Edited 1 time(s). Last edit at 03/03/2018 01:07AM by BearLover.
 
Re: 2018 ECAC Permutations - ECAC tournament draw
Posted by: KGR11 (---.dyn.optonline.net)
Date: March 03, 2018 08:07AM

Trotsky
adamw
abmarks
it would be interesting to run a KRACH computation for last year's full NHL regular season, for example, and then see if the numbers pass people's gut checks or not.

This is honestly an unnecessary exercise. For past results, it's hard to improve on KRACH. The KRACH ratings, if you played the schedule that already happened, would come out to the actual results. That's the whole point of KRACH's existence.

How about this exercise. Number all the NC$$ games in chron order. Calculate KRACH from the odd number games. Now compare how the even numbered games turned out against KRACH "predictions."

I know, I know, I know that KRACH reviews a data set and is not designed to be predictive. But... can you do that for shits and giggles? I'm not even sure how we'd interpret the results. What constitutes a reliable or unreliable percentage of accuracy? I mean, hopefully it's over 50%. Hopefully it's better than just taking whoever has the better winning percentage excluding games against each other.

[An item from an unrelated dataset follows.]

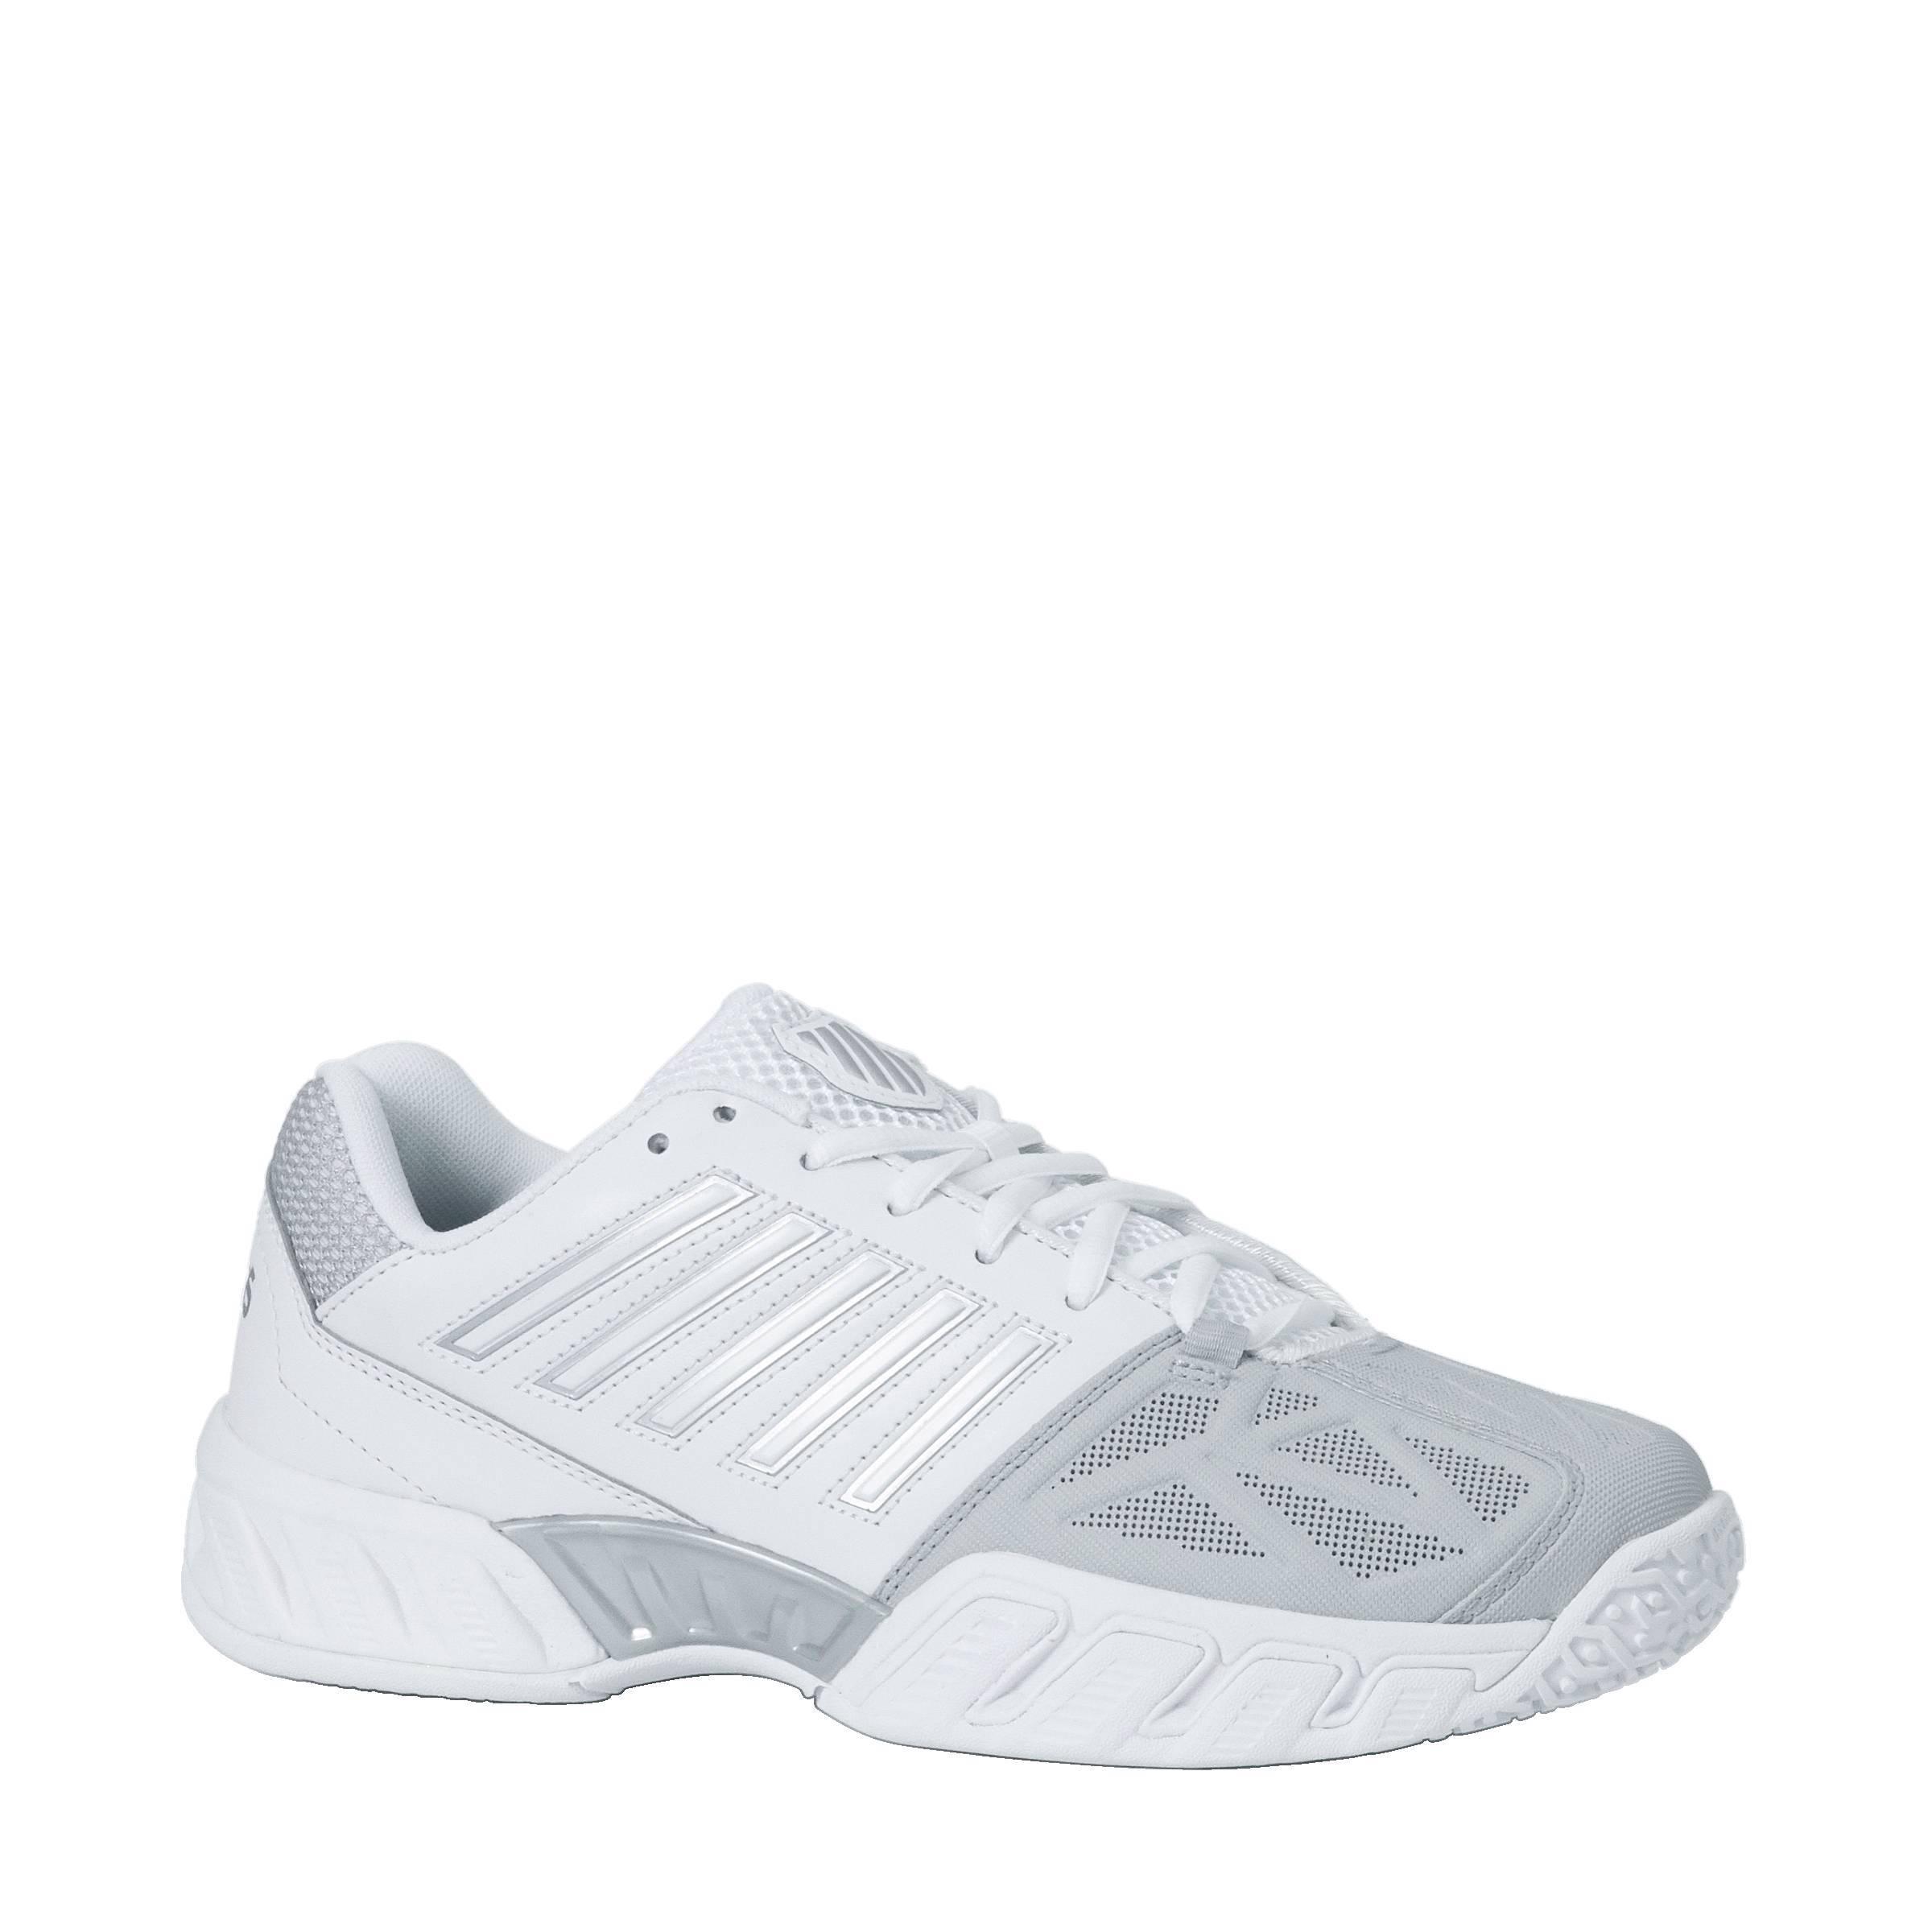 K-suisse - Lumière Bigshot Omni Trois Chaussures De Tennis - Femmes - Chaussures - Blanc - 40 Xm2f4
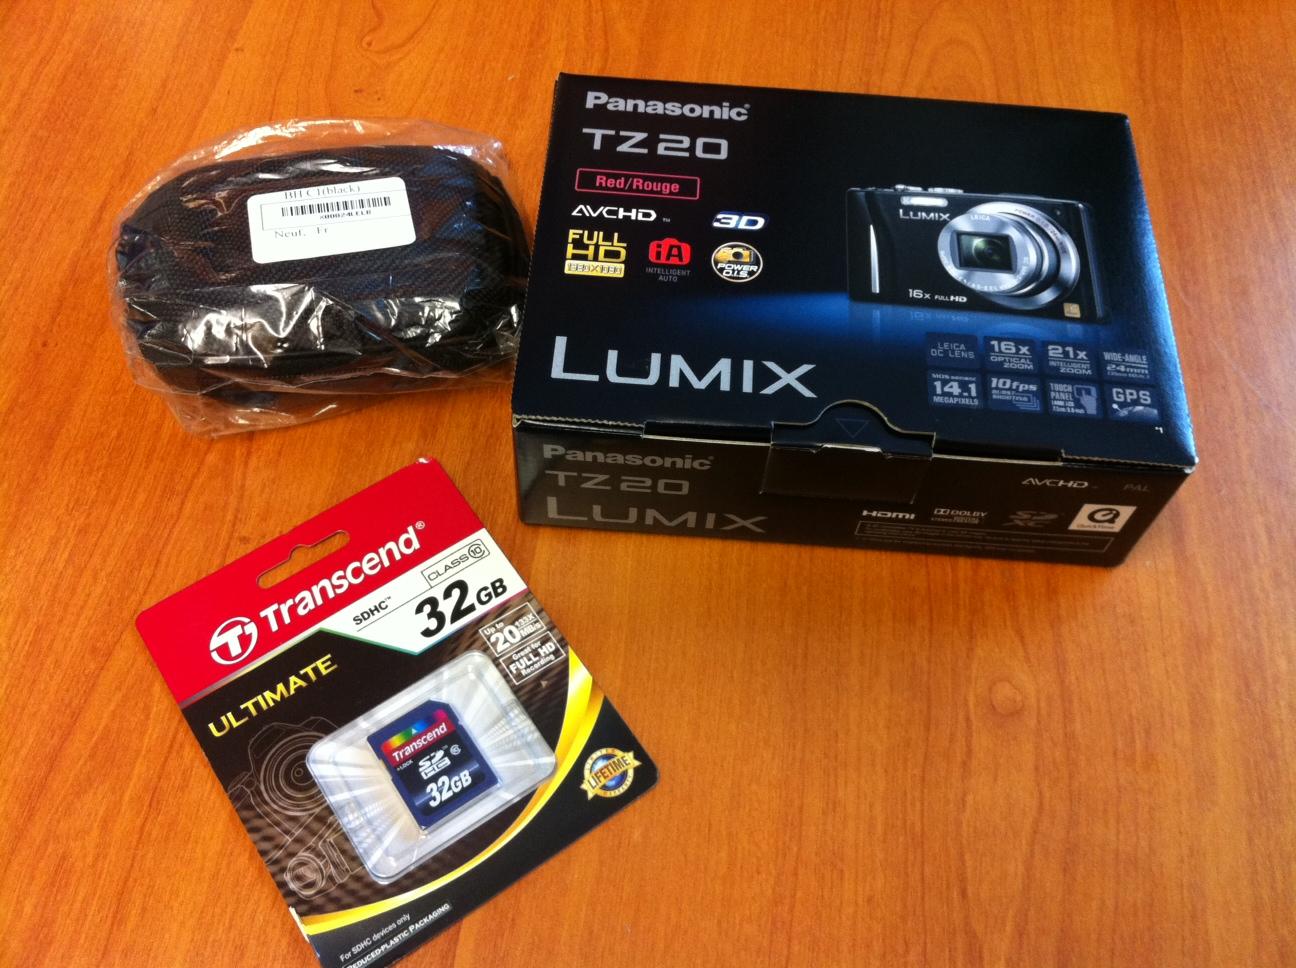 Achat panasonic lumix tz20 blog de sundvold for Changer ecran appareil photo lumix

Another method: start on game 1 and just march through the list constantly recalculating KRACH and using that as the prediction against the next game. Or since obviously KRACH gets better as the season goes on, iterate through say the first 10% of games and only start predicting after that. Now get your accuracy score. That's truly abusing KRACH as predictive. :)

I think your second method is essentially what jfeath did, right?
 
Re: 2018 ECAC Permutations
Posted by: billhoward (---.nwrk.east.verizon.net)
Date: March 03, 2018 12:12PM

Sometimes I think it's pronounced krock.
 
Re: 2018 ECAC Permutations
Posted by: adamw (---.phlapa.fios.verizon.net)
Date: March 03, 2018 12:35PM

BearLover
adamw
Is KRACH not empirically based?
The future win probabilities inferred from KRACH aren't, because they're not verifiable by observation/experience.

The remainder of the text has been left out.